Elias Rønnenfelt reconnects with his longtime band and carries them to a level of incandescent intensity never before reached.
The angelic face and the eternal IT-boy aura of Elias Rønnenfelt (only 34 years old on the clock) cannot obscure the fact that the group he fronts is beginning to take on some veteran seasoning, having formed back in 2008. Far, very far from the cold-blooded post-punk that had propelled the band beyond Danish borders in 2013 (You’re Nothing), the Copenhagen crew’s sixth album reaches a form of creative plenitude that is as intoxicating as it is joyous.

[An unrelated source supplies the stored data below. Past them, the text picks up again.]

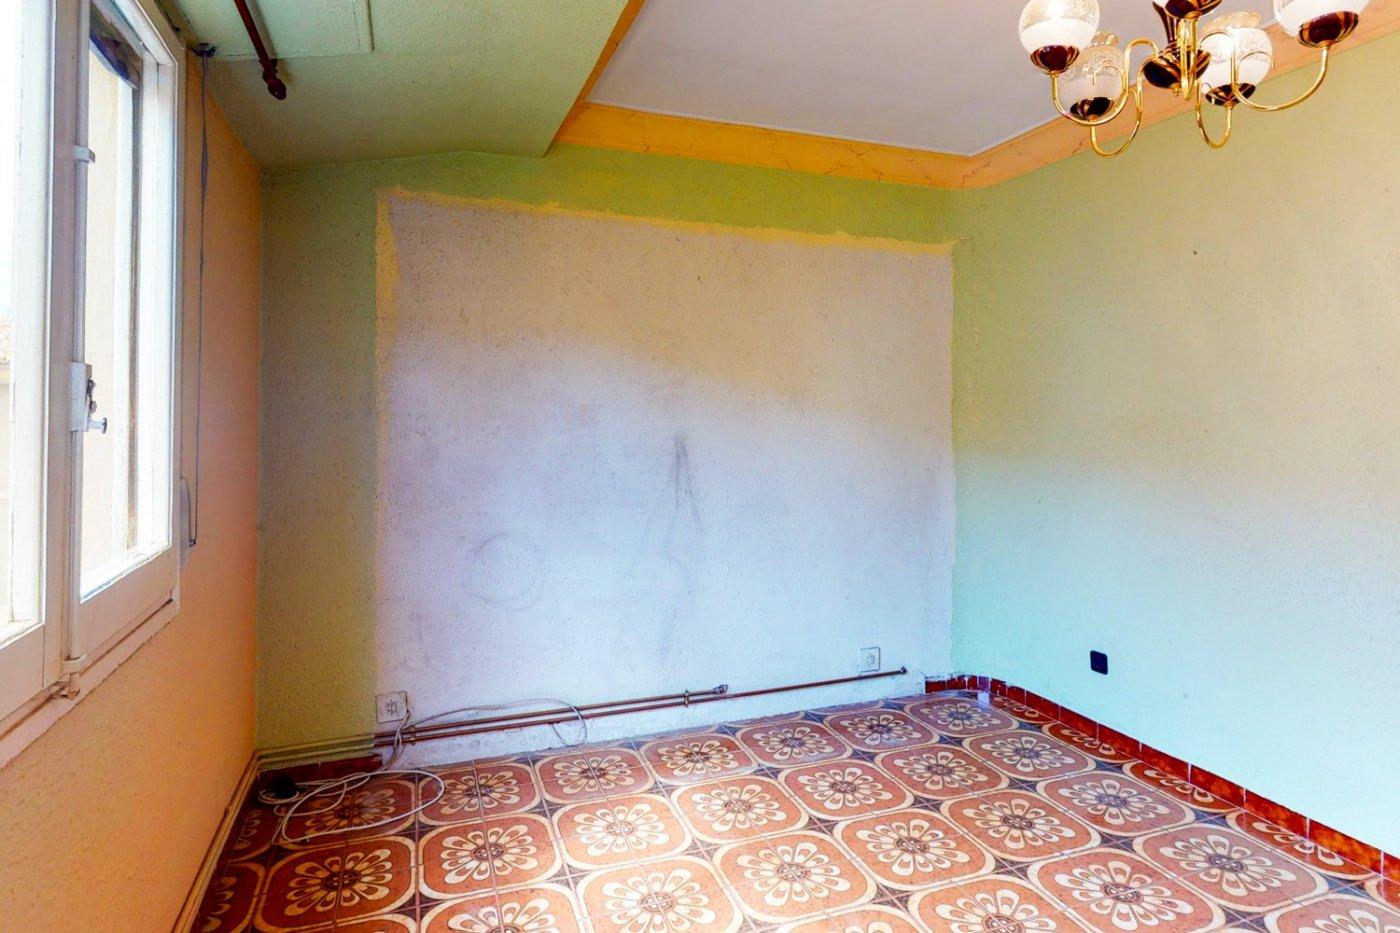 Piso a la venta en c/ lugo, exterior, de tres dormitorios, salon, cocina y baÑo. - imagenInmueble5
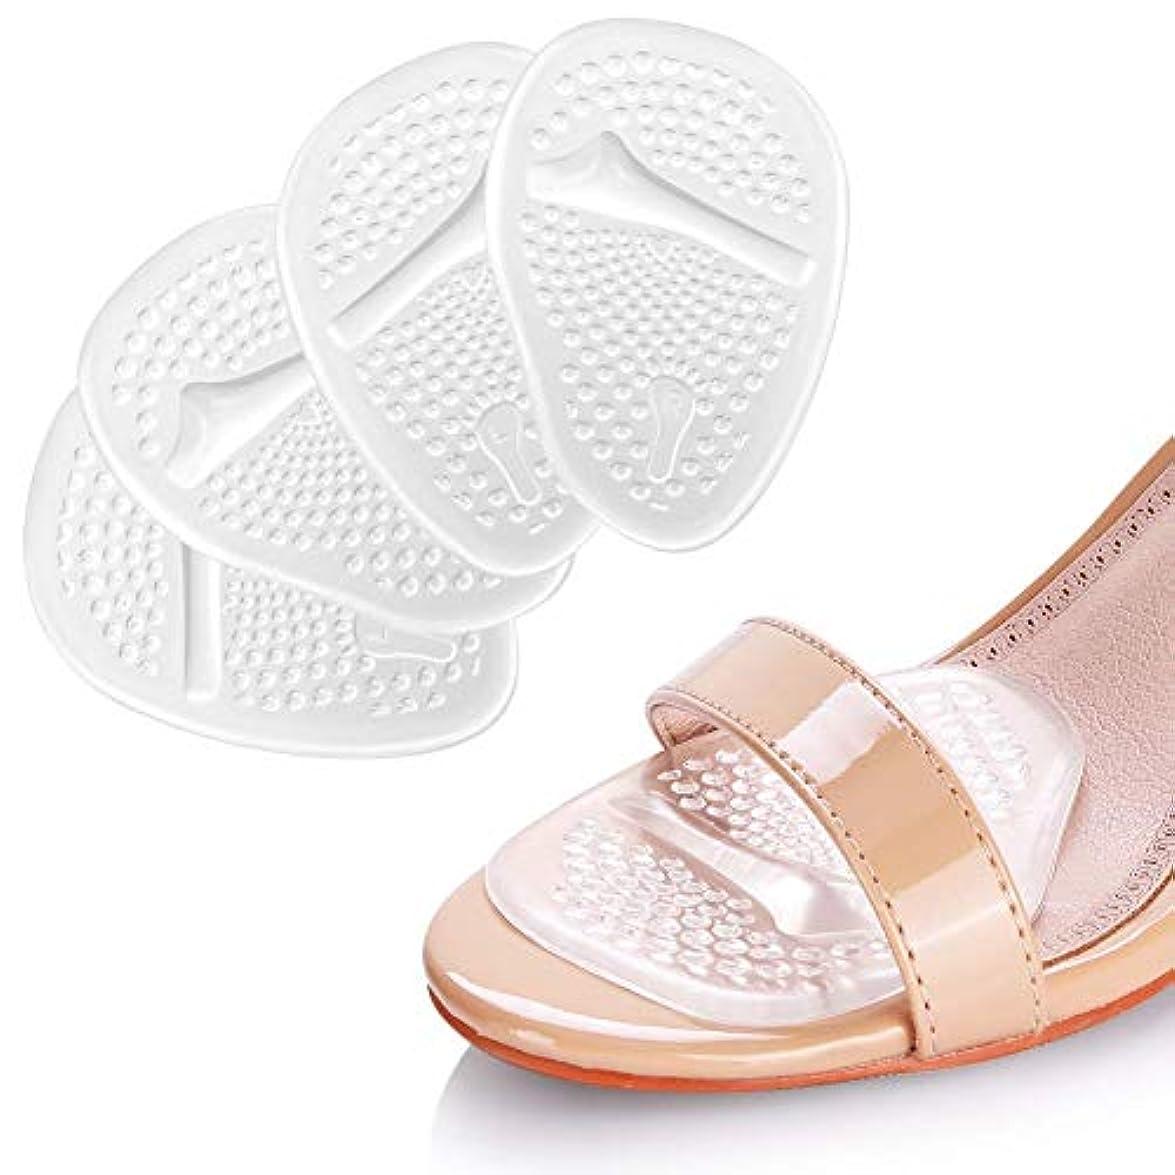 分類するステップ厳しい脛骨パッド、サッカーパッド、女性の脛骨パッド、女性の靴の中敷用の終日痛み緩和コンフォートコード(透明)
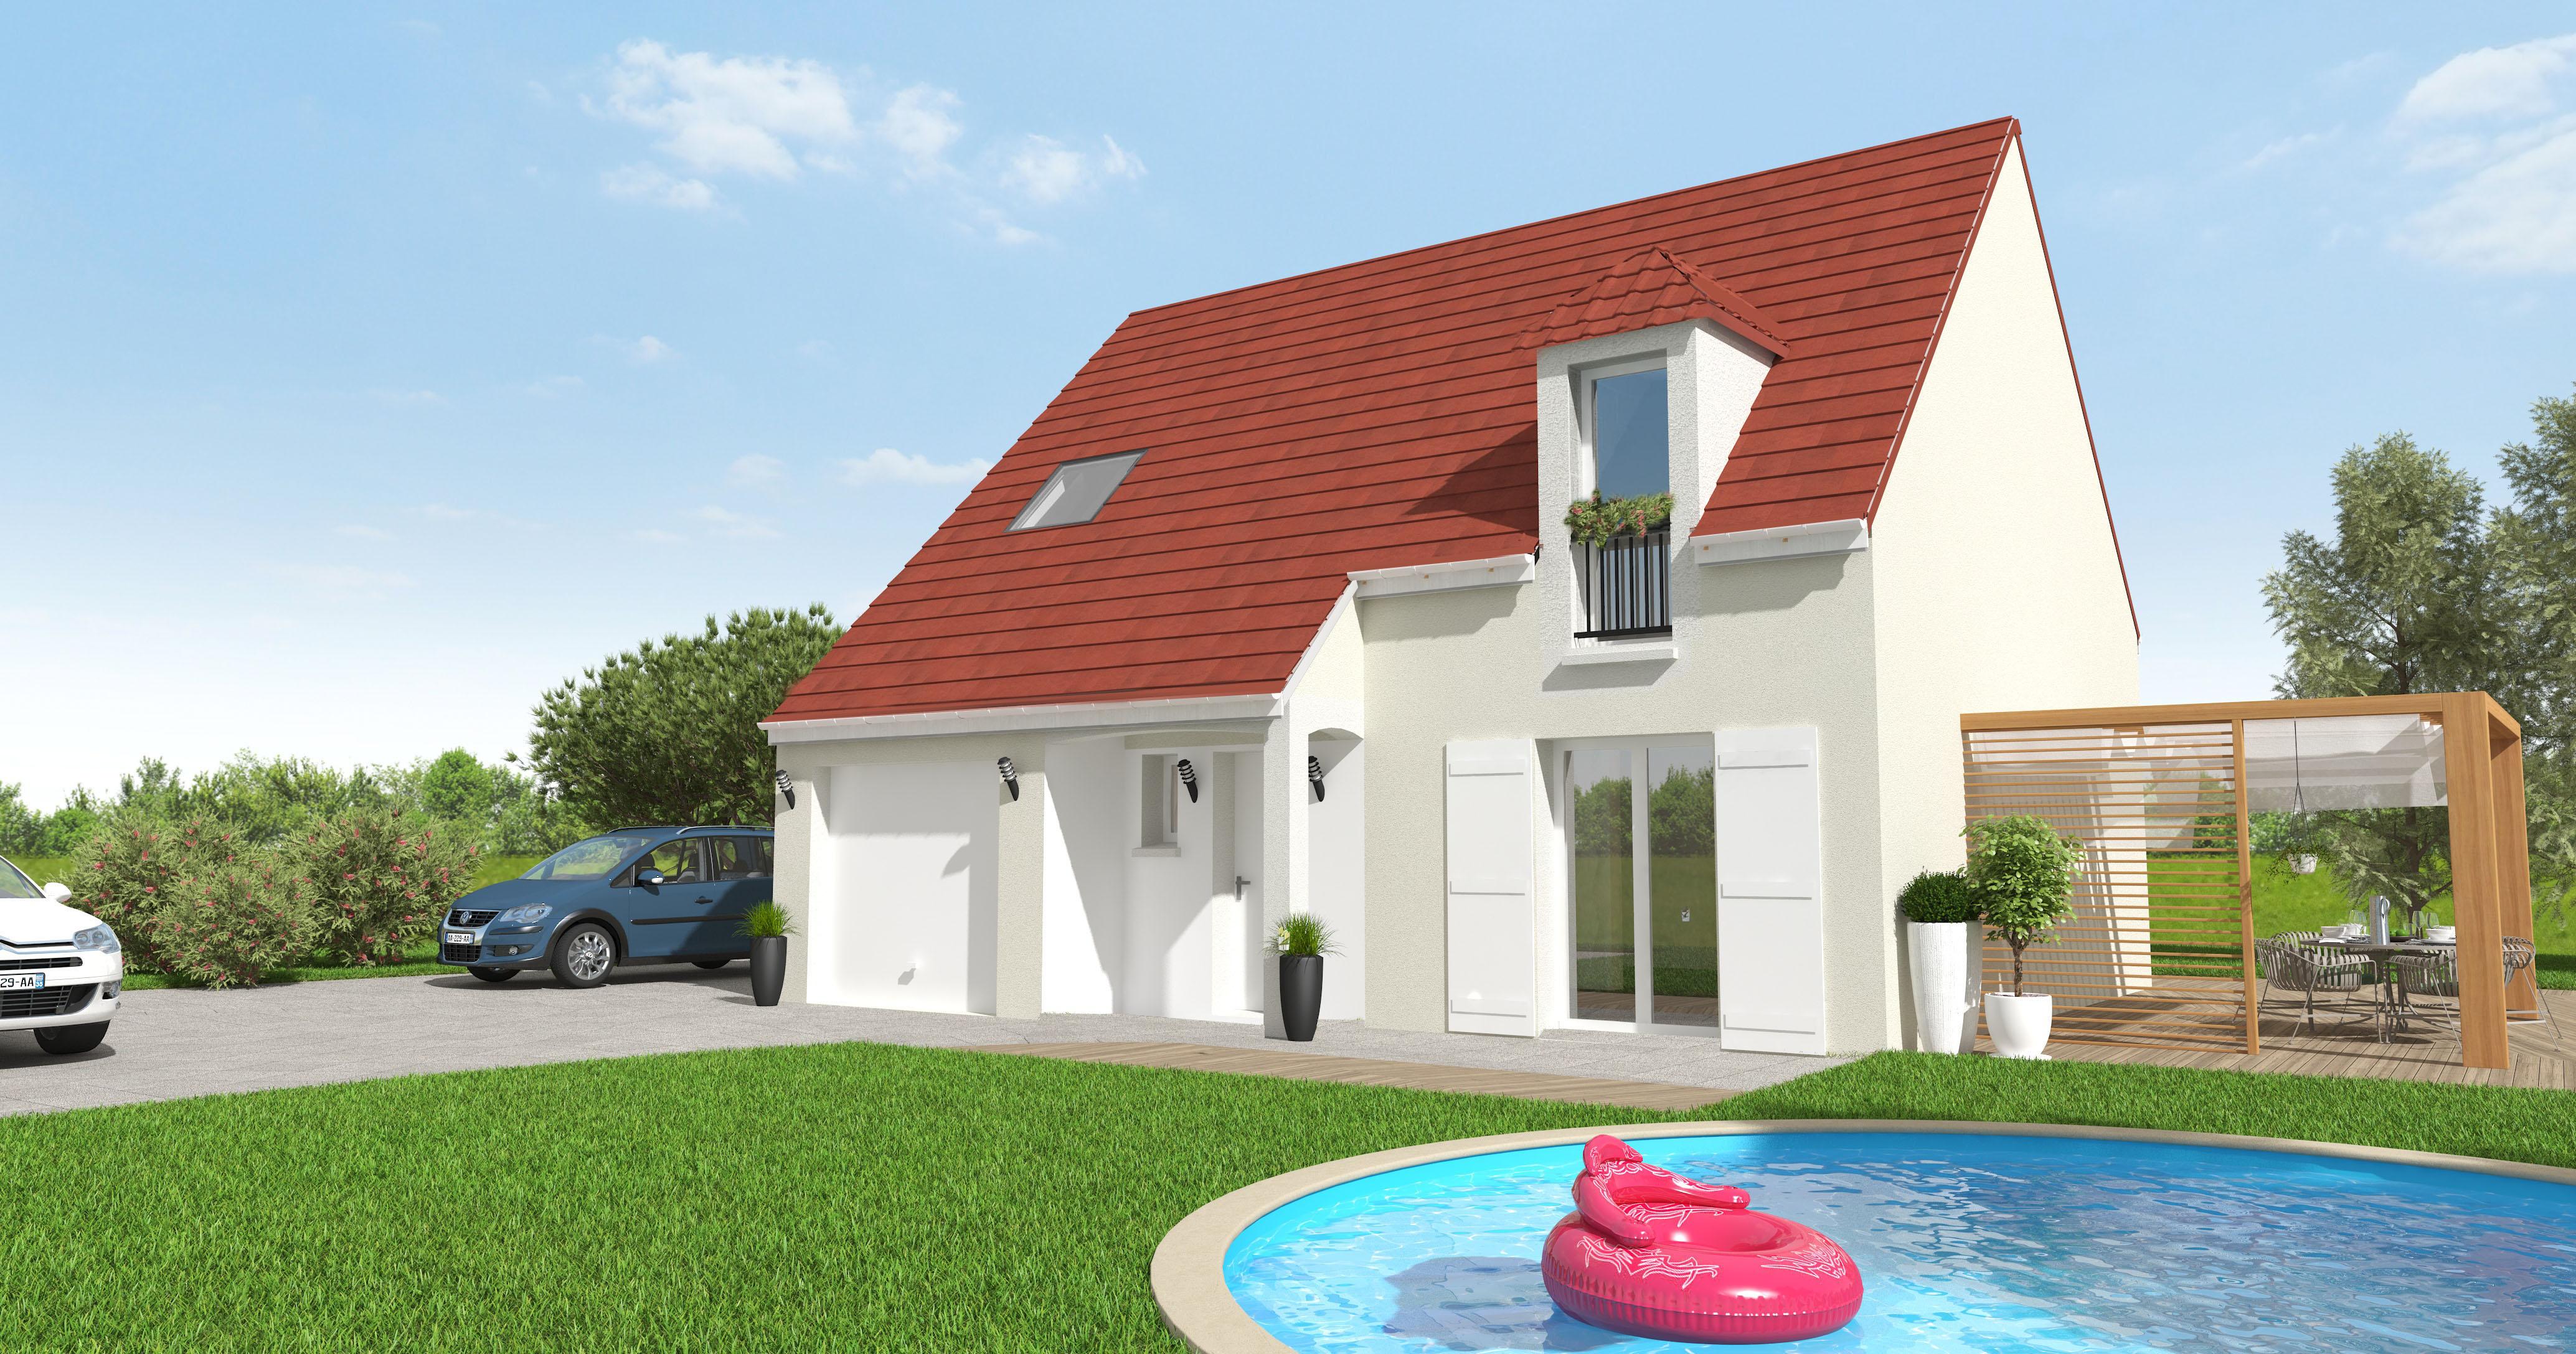 Maisons + Terrains du constructeur MAISON 7 SENS • 98 m² • PERTHES

Surely, by dabbling in solo escapades (the excellent and chaotic 2025) or flirting with the free-spirited Yung Lean, Vegyn and Dean Blunt (for the expansive Lucre, an EP released on New Year’s Day 2025), Elias Rønnenfelt has, along the way, acquired a formidable art of unself-consciousness. But, whatever the cause, For Love of Grace & the Hereafter is the coolest and most fiercely playful record of the Danish outfit.
If the country and Americana forays have long punctuated his discography for nearly a decade, this new release pushes that deconstructive approach to rock even further. The mutable character of the songwriting by Elias, Dan, Johan and Jakob propels them toward the original rockabilly and Johnny Cash’s outlaw country, producing Smiths-like detours (1835) nipped in the bud, and seizing the punk-rock impulse and weaving it with reggae (Rønnenfelt is a big fan of the genre), as seen through the prism of The Clash.
Behind this ambitious project of reconfiguring their music, the comparison to Joe Strummer is not unfounded. Abandoning for the first time the seriousness of his sharply wounded singing, Elias Rønnenfelt has never seemed so free in his performance. Slouched, melodramatic, nonchalant or giggling, this playful relationship with the microphone is constitutive of what unfolds on For Love of Grace & the Hereafter. A record powered by incandescent, recreational and overflowing energy that one would not have dared imagine from Iceage’s glacier.
For Love of Grace & the Hereafter (Mexican Summer/Virgin Records/Universal). Release on May 29.